The initial breach is rarely an actual hack when it comes to the high profile business related hacks. In most of those cases there were post-breach hacks used to get further into the networks.In that case, Sony PSN was never hacked, PayPal was never hacked, EA Origin was never hacked.... Pretty much every MAJOR hacking job in history does not contain what you consider 'hacking'.
I'm sure it was all dramatized and the guy admitted that he acted stupidly and clicked the link. This is exactly what the users that keep compromising their computers with cryptolocker are doing. I consider this video an excellent lesson for all those non-technical users out there. The way the hacker says that he could make the guy homeless just because he clicked the wrong things (and proceeded to log into his password manager, etc).This was all acting and nothing more.
TLDR Version of the video.
#1 Woman gains control of a cellphone account through phone support. Basic social engineering.
#2 Guy's laptop is compromised by clicking a fishing email that installs (presumably) remote access software.
Neither one was really hacking.
That sounds great until you realize layers 8-10 are made up.
The OSI model has 7 layers. I've also pinged Chris Hadnagy to see if he'll respond to whether or not SE is actually hacking.
My point was more that systems will never be secure and people in the infosec industry are basically using fear to sell snake oil.
Chris Hadnagy's response:Then you realize that Layers 1-7 are similarly "made up".
The OSI model has a weakness in that it assumes that all interactions happen within the codified seven layers.
This leaves security solutions that only secure those seven layers vulnerable to attacks that don't conform to any of the OSI layers (such as social engineering).
Hence the non-canonical recognition of layers above 7.
The term you're looking for is "risk management".
The only system that's 100% secure is one that's been powered down, disassembled and melted down into slag.
So yes, if you've got someone telling you that something will make you 100% secure, they're selling snake oil.
Basically, if someone wants into your system bad enough, they're getting in, regardless of what you do.
Security is the art of making the act of breaching your systems so not-worthwhile that they give up and move on to easier pickings. This is done by making the breaching of systems more difficult, hiding assets in ways that that are difficult to locate in an automated fashion and through being as innocuous a target as possible.
As was explained in the video, outside of malware (which is a "shotgun" approach), you could have a team of the best exploit programmers and social engineers on the planet.
Yippee.
If they aren't aware of your existence, they have exactly zero reason to come and attack you directly.
At every hacker con or group I've ever attended, nobody really drew lines between physical, software or social bypass.
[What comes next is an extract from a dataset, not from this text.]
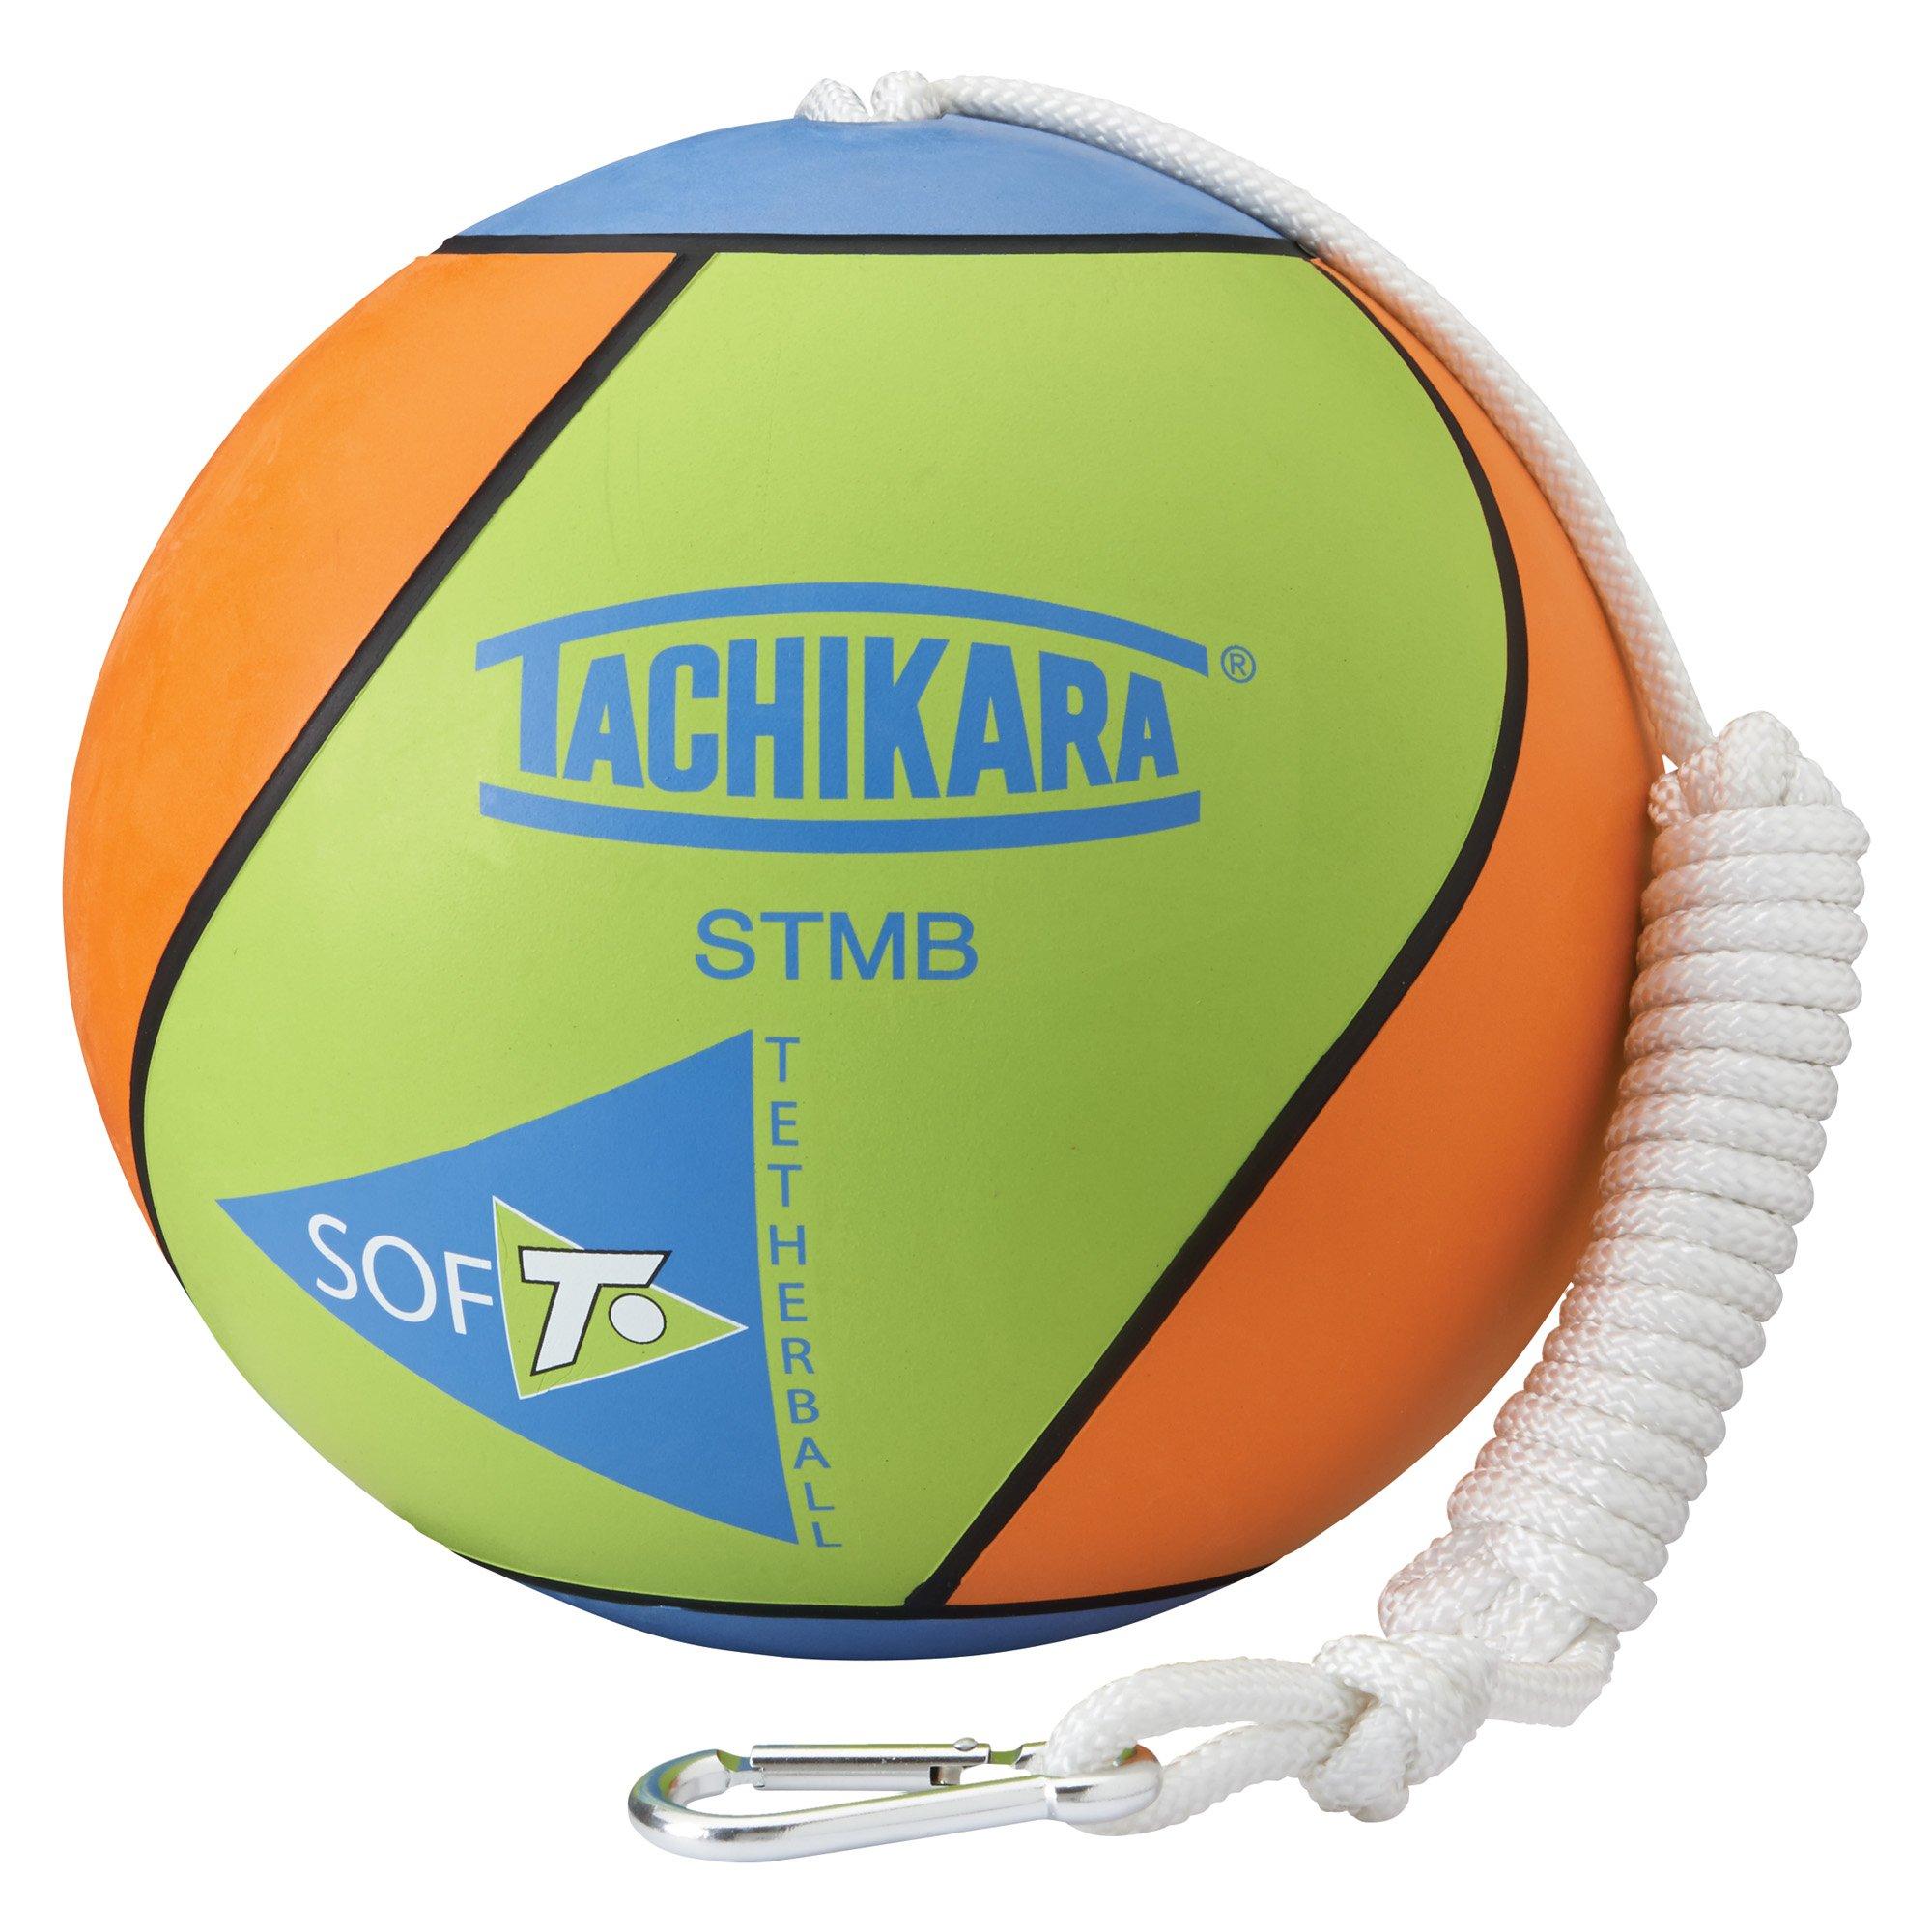 Tachikara STMB Tetherball, Lime Green/Blue/Orange by Tachikara
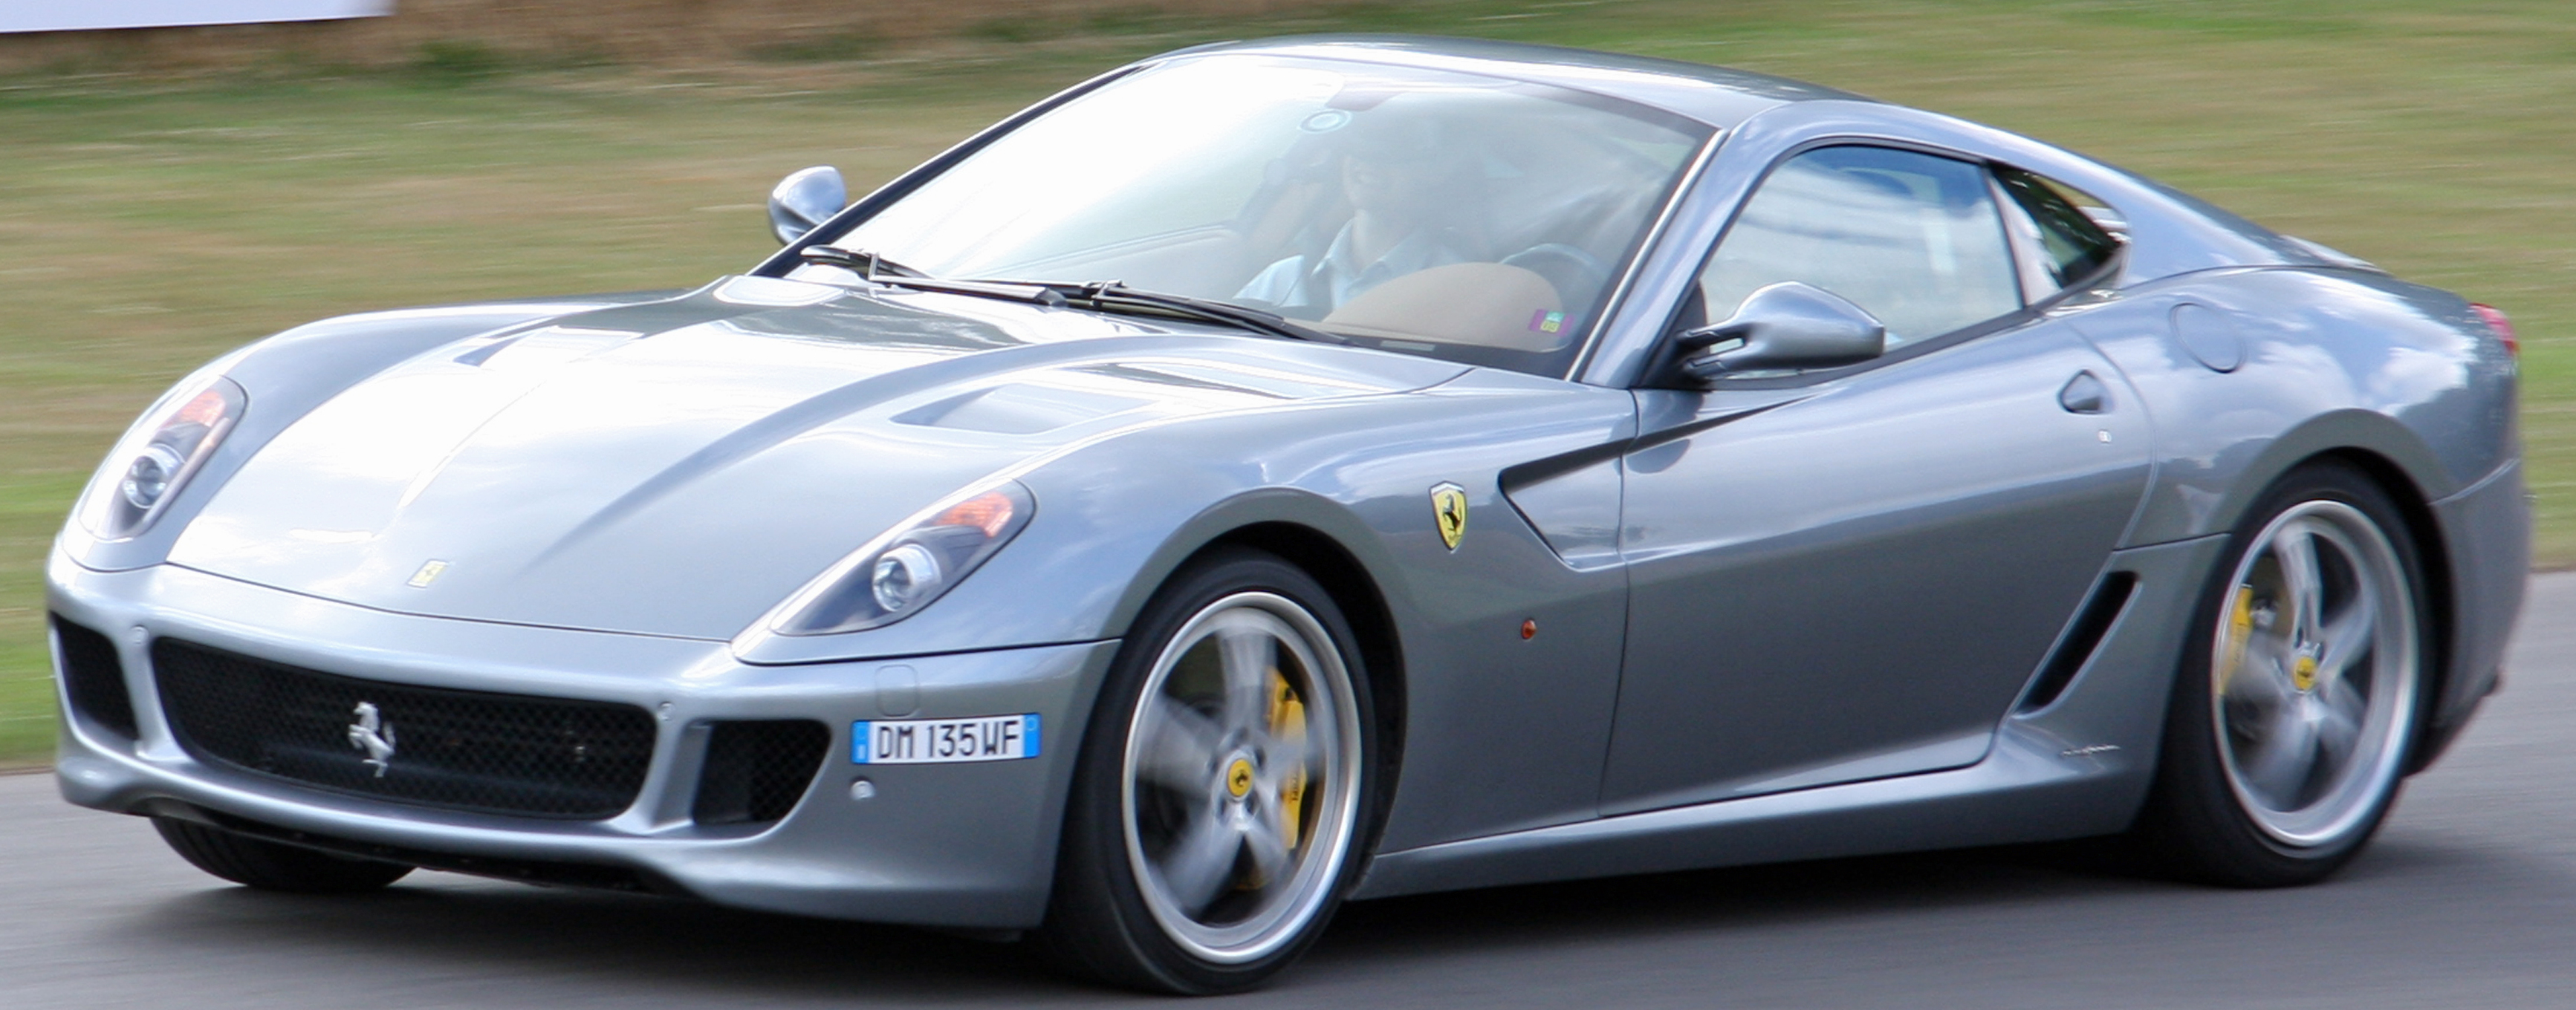 Fichier:Ferrari 599 HGTE.jpg — Wikipédia

They're all equally valid.
About the only people who ever made any bones about it were usually young pedants who were convinced that sitting in front of a computer, clacking away at a keyboard was The One True Way...
Most of them were eventually disabused.
Umm... The only response to
is"Social engineering isn't hacking." true or false?
Doesn't that mean that "social engineering is hacking"?False!
And yet she did it anyways. It would seem threat of reprimand is not a fail safe security measure.